L’Opep a réussi son coup. Fin 2016, en changeant de stratégie et en jouant la carte de la rareté, les cours du brut on fini par remonter. Aujourd’hui, le baril tourne autour de 60 dollars quand il était tombé à 40 dollars à l'été 2016. Il s’agit de son plus haut niveau depuis juin 2015.
 
Ne pas prolonger l’accord serait donner le signal de la réouverture des vannes, et sans aucun doute les prix repartiraient à la baisse. Selon le site Boursorama, on s’acheminerait vers une prolongation de l’accord jusqu’à la fin de l’année 2018. C’est en tout cas la ligne adoptée par l’Arabie Saoudite.
 
Mais selon les observateurs, le principal obstacle pourrait venir de la Russie. Sa production est supérieure à celle de l’Arabie Saoudite de plus d’un million de barils/jour. Or, selon Sukrit VIjayakar, un spécialiste cité par l’AFP, l’extraction va encore augmenter en 2018. Le champ Sakhaline 1 va voir sa production faire un bond de 25%. De quoi réduire à néant  la tentative de l’Opep.
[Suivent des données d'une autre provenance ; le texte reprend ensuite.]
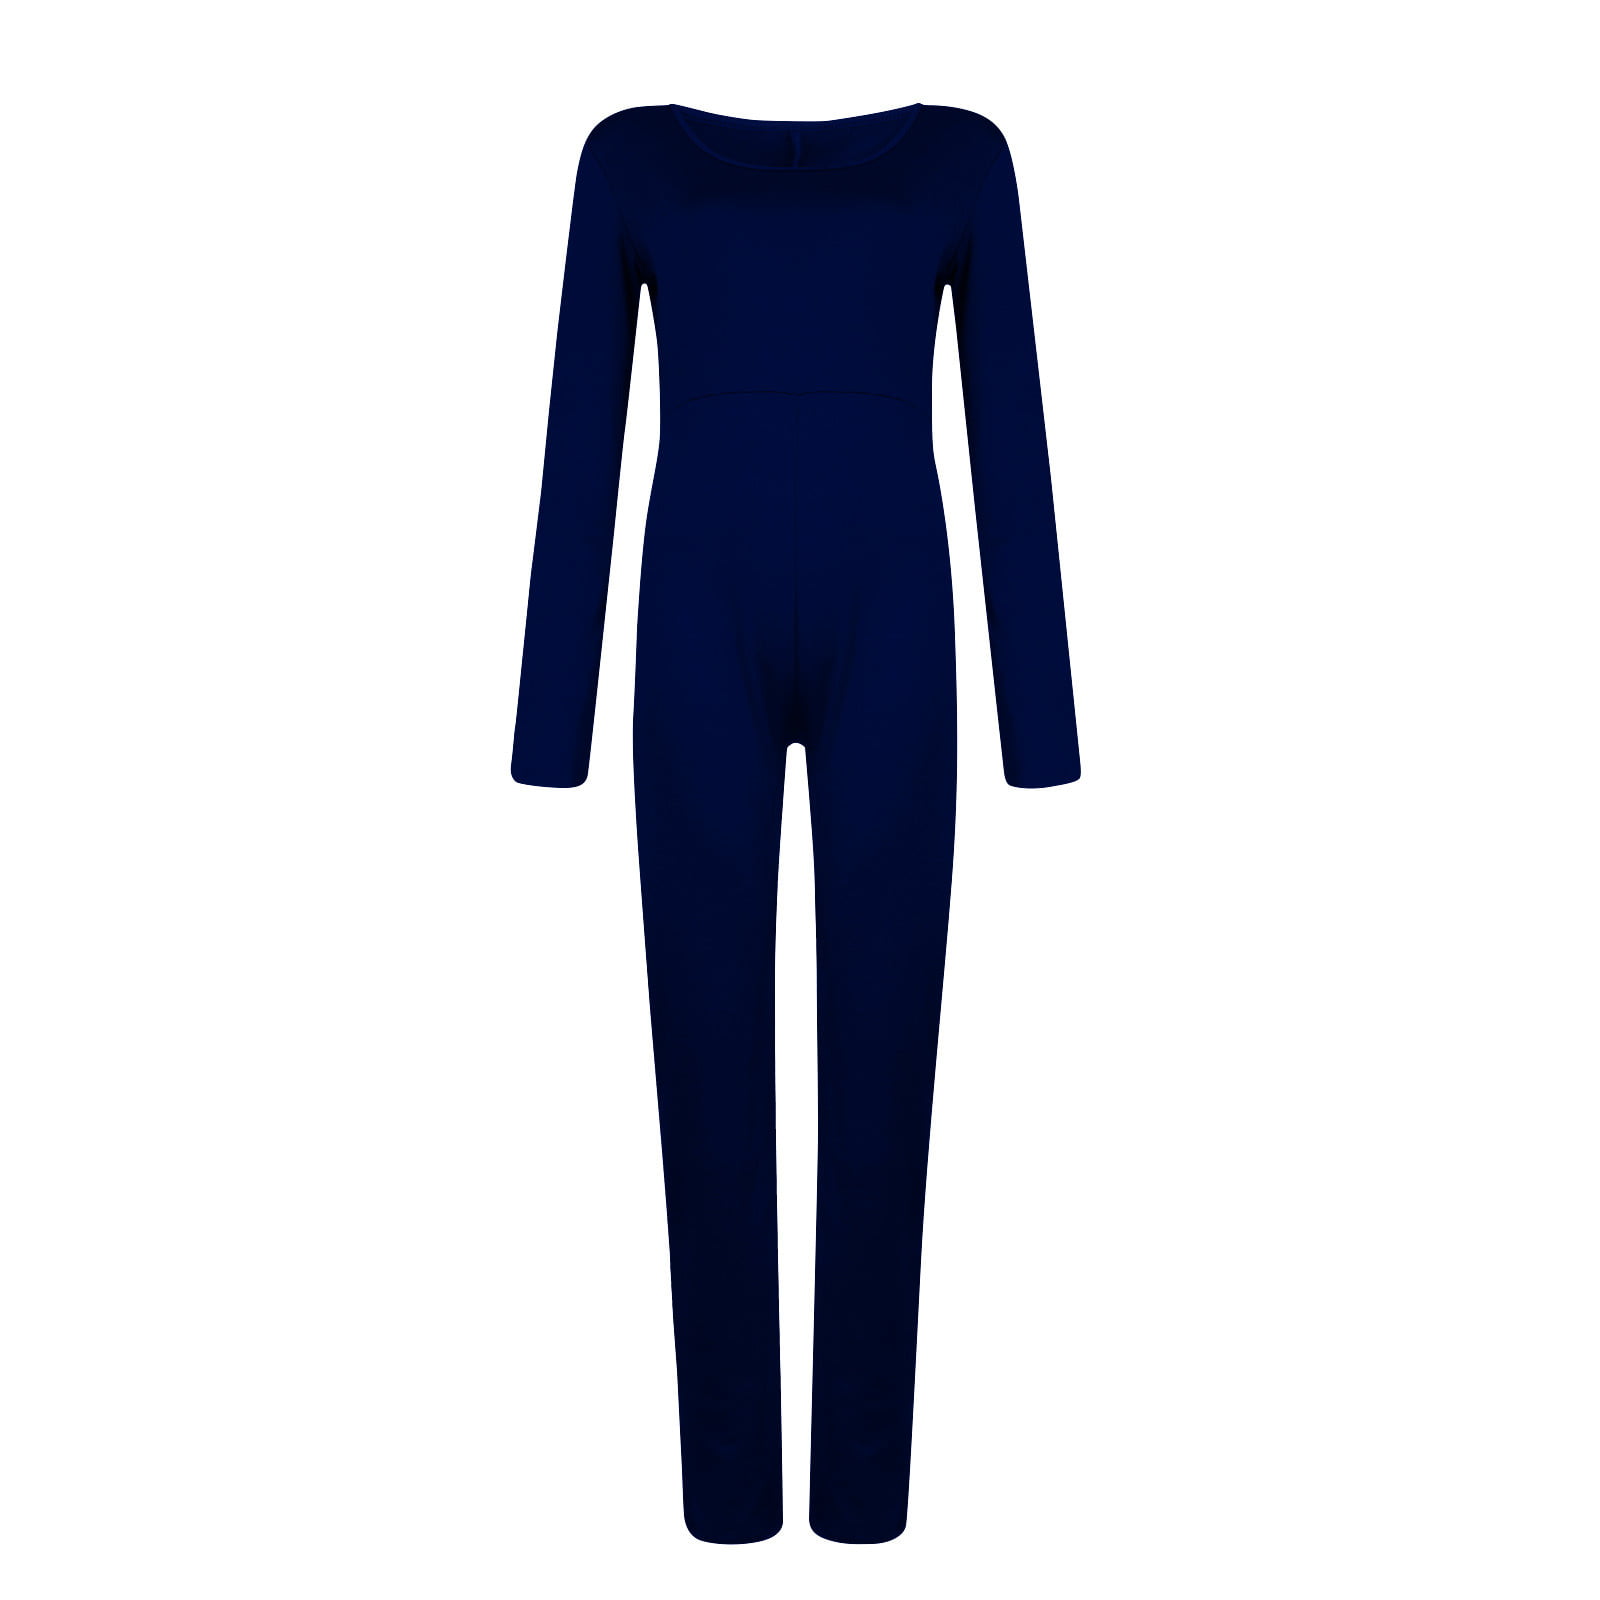 højt Kommunisme vigtigste Cuoff Women's Fashion Solid Colour FiLong Sleeve Jumpsuit - Walmart.com

Autre aspect et non des moindres, le respect de la discipline par les membres de l’Opep. A 40 dollars le baril, tout le monde joue le jeu de la baisse de la production. Les cours sont si bas que personne n’a rien à perdre. Mais à 60 dollars, l’enjeu n’est plus le même et la tentation de remplir les caisses au plus vite est forte. C’est notamment une attitude que l’on prête à l’Algérie. Au plus fort de la crise, en 2015, on estimait que l’Algérie avait une réserve de change de deux ou trois ans. Aujourd’hui, il est l’heure de faire les comptes et une relance de la production offrirait un bon bol d’air.
 
L’inconnue libyenne
Reste la Libye. Certes le pays fait la une pour d’autres affaires. Mais malgré l’anarchie ambiante, le pays produit, et de plus en  plus. Or, il est exempté de quotas. En juin 2017, le million de barils/jour était atteint. Autre pays exempté, le Nigeria. Lui aussi est écartelé entre production massive et cours élévés.